Task item> Copy out, word for word, the lines from the start of the data below through the line containing "Una persona parada", and no others.

==== Material supplied ====

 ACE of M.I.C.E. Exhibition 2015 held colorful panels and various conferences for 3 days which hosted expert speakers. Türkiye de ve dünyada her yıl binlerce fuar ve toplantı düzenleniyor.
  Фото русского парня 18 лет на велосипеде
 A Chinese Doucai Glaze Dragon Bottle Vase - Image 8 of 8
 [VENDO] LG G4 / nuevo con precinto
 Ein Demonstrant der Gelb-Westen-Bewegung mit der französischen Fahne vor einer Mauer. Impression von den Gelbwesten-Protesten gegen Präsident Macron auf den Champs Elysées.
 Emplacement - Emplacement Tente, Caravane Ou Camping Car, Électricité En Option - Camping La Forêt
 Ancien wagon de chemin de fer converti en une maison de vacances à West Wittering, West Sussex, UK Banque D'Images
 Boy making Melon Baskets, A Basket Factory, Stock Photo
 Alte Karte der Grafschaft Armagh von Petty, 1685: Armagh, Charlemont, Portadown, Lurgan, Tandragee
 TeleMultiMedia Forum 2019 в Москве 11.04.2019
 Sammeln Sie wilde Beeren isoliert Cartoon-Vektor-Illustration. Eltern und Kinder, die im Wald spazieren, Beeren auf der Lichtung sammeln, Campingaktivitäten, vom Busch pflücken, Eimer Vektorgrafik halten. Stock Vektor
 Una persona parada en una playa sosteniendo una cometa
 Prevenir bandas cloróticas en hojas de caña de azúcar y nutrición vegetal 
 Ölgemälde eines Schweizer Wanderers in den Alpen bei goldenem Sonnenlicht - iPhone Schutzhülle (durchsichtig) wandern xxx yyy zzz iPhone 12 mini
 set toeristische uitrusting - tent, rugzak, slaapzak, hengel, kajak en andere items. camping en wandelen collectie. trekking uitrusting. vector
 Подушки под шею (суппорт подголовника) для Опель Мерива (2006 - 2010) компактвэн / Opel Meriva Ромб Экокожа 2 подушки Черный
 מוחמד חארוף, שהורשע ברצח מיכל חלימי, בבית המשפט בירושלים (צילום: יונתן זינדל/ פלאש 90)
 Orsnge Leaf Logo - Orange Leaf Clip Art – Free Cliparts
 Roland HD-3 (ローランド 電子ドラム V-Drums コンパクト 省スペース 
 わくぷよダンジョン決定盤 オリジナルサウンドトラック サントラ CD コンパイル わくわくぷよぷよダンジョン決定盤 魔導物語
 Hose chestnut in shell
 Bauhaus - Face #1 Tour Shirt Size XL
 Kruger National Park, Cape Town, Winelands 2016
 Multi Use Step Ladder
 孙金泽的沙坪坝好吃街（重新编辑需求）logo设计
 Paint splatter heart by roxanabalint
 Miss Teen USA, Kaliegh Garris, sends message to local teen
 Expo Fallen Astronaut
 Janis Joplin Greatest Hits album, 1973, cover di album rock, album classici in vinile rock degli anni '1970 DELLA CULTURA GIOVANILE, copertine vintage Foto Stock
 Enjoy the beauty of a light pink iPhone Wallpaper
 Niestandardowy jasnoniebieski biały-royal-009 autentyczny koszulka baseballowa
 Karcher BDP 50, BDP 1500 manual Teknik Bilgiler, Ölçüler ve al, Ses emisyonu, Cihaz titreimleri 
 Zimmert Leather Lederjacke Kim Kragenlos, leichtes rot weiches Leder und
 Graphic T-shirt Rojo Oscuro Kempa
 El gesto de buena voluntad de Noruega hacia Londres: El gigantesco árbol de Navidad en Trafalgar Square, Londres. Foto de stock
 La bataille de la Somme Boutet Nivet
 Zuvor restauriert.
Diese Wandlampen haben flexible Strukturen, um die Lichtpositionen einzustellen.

====

Written reply>
 ACE of M.I.C.E. Exhibition 2015 held colorful panels and various conferences for 3 days which hosted expert speakers. Türkiye de ve dünyada her yıl binlerce fuar ve toplantı düzenleniyor.
  Фото русского парня 18 лет на велосипеде
 A Chinese Doucai Glaze Dragon Bottle Vase - Image 8 of 8
 [VENDO] LG G4 / nuevo con precinto
 Ein Demonstrant der Gelb-Westen-Bewegung mit der französischen Fahne vor einer Mauer. Impression von den Gelbwesten-Protesten gegen Präsident Macron auf den Champs Elysées.
 Emplacement - Emplacement Tente, Caravane Ou Camping Car, Électricité En Option - Camping La Forêt
 Ancien wagon de chemin de fer converti en une maison de vacances à West Wittering, West Sussex, UK Banque D'Images
 Boy making Melon Baskets, A Basket Factory, Stock Photo
 Alte Karte der Grafschaft Armagh von Petty, 1685: Armagh, Charlemont, Portadown, Lurgan, Tandragee
 TeleMultiMedia Forum 2019 в Москве 11.04.2019
 Sammeln Sie wilde Beeren isoliert Cartoon-Vektor-Illustration. Eltern und Kinder, die im Wald spazieren, Beeren auf der Lichtung sammeln, Campingaktivitäten, vom Busch pflücken, Eimer Vektorgrafik halten. Stock Vektor
 Una persona parada en una playa sosteniendo una cometa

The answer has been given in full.